Output format: All kmers are written sequentially without any separators. Each k-mer takes the same number of bits. One k-mer of length K takes 2*K bits. Kmers are aligned by 64 bits. For example, one kmer with length=21 takes 8 bytes, with length=33 takes 16 bytes, and with length=55 takes 16 bytes. Each nucleotide is coded with 2 bits: 00 - A, 01 - C, 10 - G, 11 - T.
Example:
For k-mer: AGCTCT
Memory: 6 bits * 2 = 12, 64 bits (8 bytes)
Let’s describe bytes:
data[0] = AGCT -> 11 01 10 00 -> 0xd8
data[1] = CT00 -> 00 00 11 01 -> 0x0d
data[2] = 0000 -> 00 00 00 00 -> 0x00
data[3] = 0000 -> 00 00 00 00 -> 0x00
data[4] = 0000 -> 00 00 00 00 -> 0x00
data[5] = 0000 -> 00 00 00 00 -> 0x00
data[6] = 0000 -> 00 00 00 00 -> 0x00
data[7] = 0000 -> 00 00 00 00 -> 0x00
Synopsis: spades-kmercount [OPTION...] <input files>
The options are:
-d, --dataset file <file name>
dataset description (in YAML format), input files ignored
-k, --kmer <int>
k-mer length (default: 21)
-t, --threads <int>
number of threads to use (default: number of CPUs)
-w, --workdir <dir name>
working directory to use (default: current directory)
-b, --bufsize <int>
sorting buffer size in bytes, per thread (default 536870912)
-h, --help
print help message
k-mer coverage read filter
spades-read-filter
is a tool for filtering reads with median kmer coverage less than threshold.

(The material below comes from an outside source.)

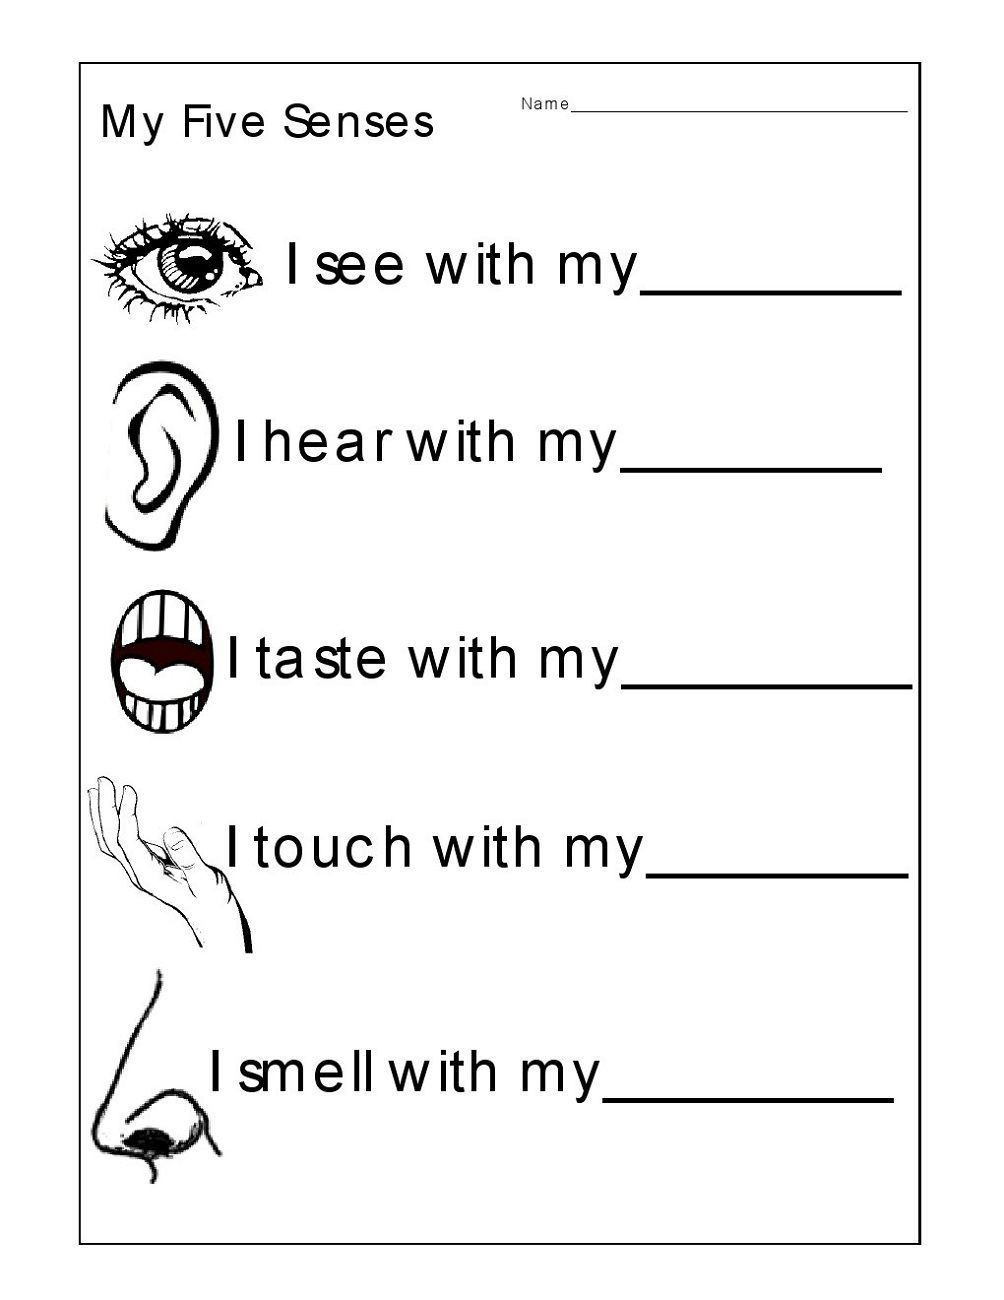 Five Senses Worksheets for Kindergarten Free Activity Sheets Kids Printable Worksheets Kindergarten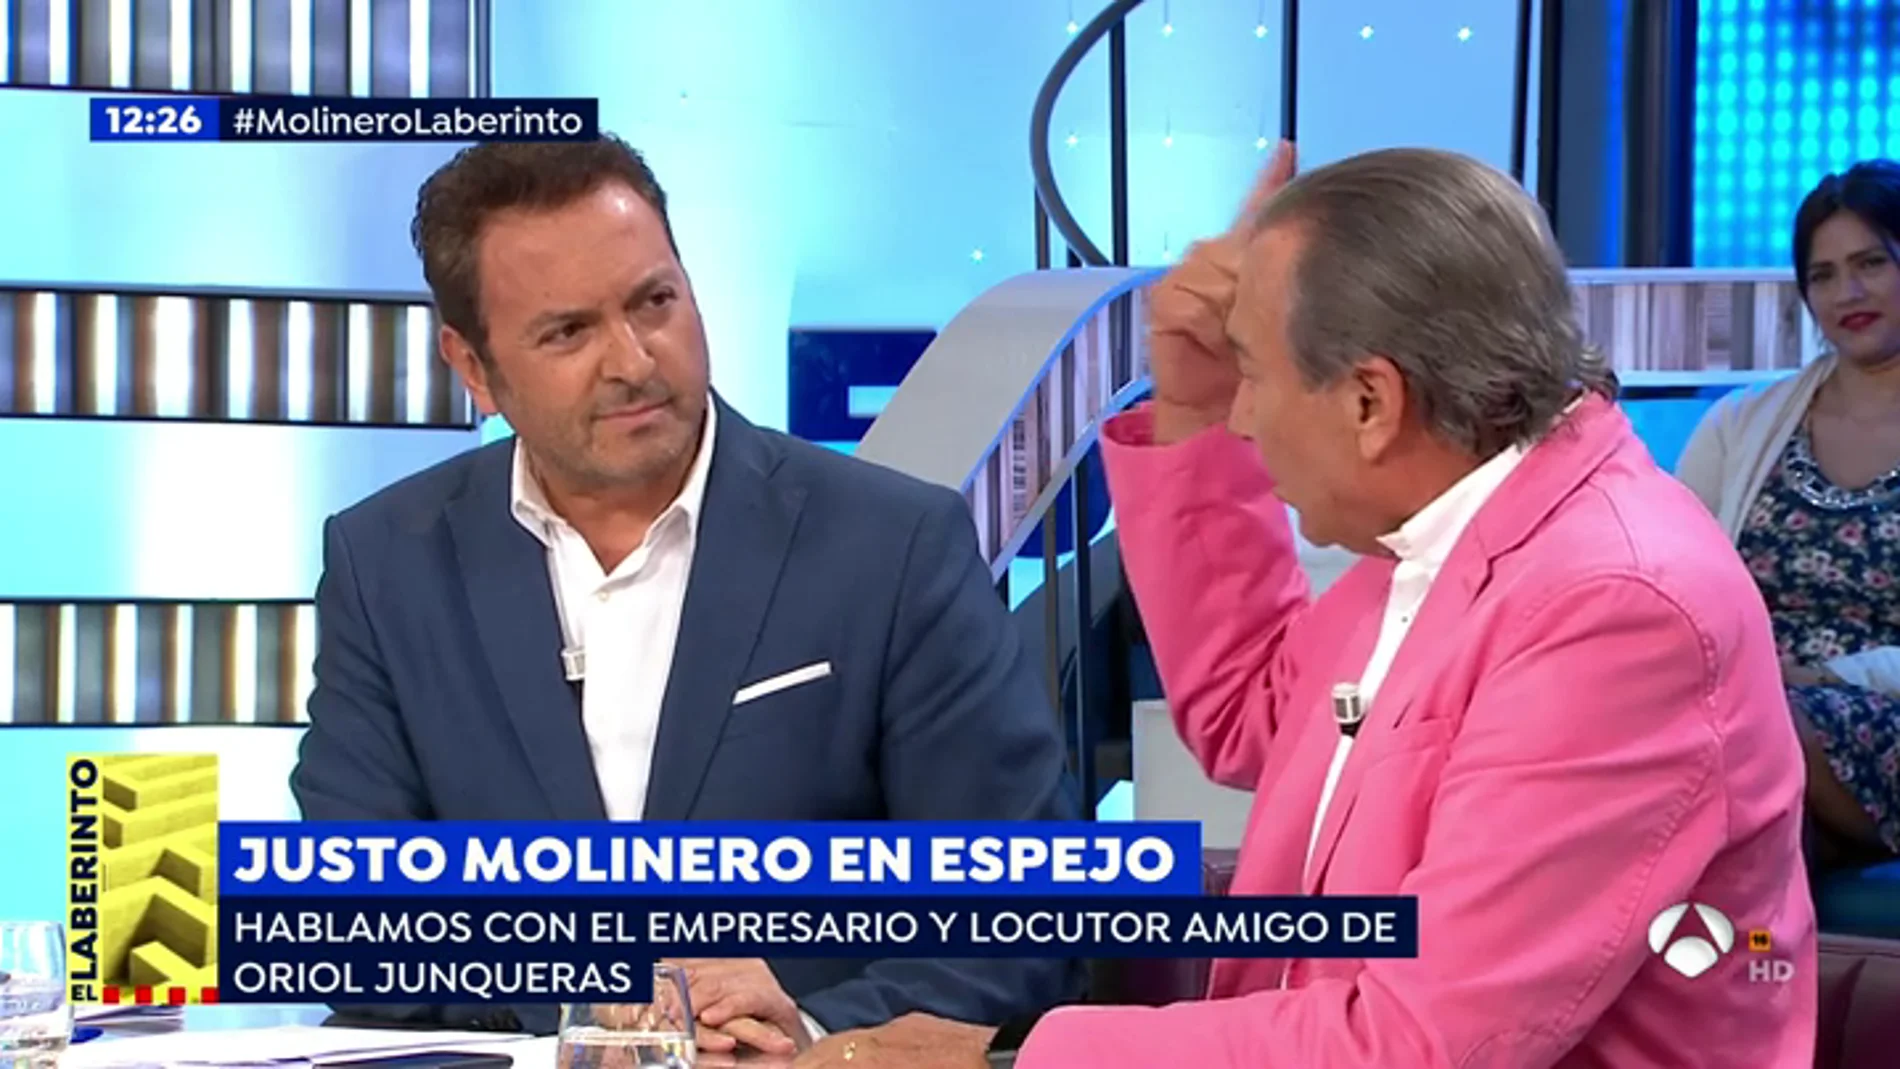 Susanna Griso media en la bronca entre Albert Castillón y Justo Molinero: "No le doy nada porque no se merece una mierda"

To provide input data to SPAdes k-mer read filter tool spades-read-filter
you should provide dataset description file in YAML format.
Synopsis: spades-read-filter [OPTION...] -d <yaml>
The options are:
-d, --dataset file <file name>
dataset description (in YAML format)
-k, --kmer <int>
k-mer length (default: 21)
-t, --threads <int>
number of threads to use (default: number of CPUs)
-o, --outdir <dir>
output directory to use (default: current directory)
-c, --cov <value>
median kmer count threshold (read pairs, s.t. kmer count median for BOTH reads LESS OR EQUAL to this value will be ignored)
-h, --help
print help message
k-mer cardinality estimating
spades-kmer-estimating
is a tool for estimating the approximate number of unique k-mers in the provided reads. Kmers from reverse-complementary reads aren"t taken into account for k-mer cardinality estimating.
To provide input data to SPAdes k-mer cardinality estimating tool spades-kmer-estimating
you should provide dataset description file in YAML format.
Synopsis: spades-kmer-estimating [OPTION...] -d <yaml>
The options are:
-d, --dataset file <file name>
dataset description (in YAML format)
-k, --kmer <int>
k-mer length (default: 21)
-t, --threads <int>
number of threads to use (default: number of CPUs)
-h, --help
print help message
Graph construction
Graph construction tool spades-gbuilder
has two mandatory options: dataset description file in YAML format and an output file name.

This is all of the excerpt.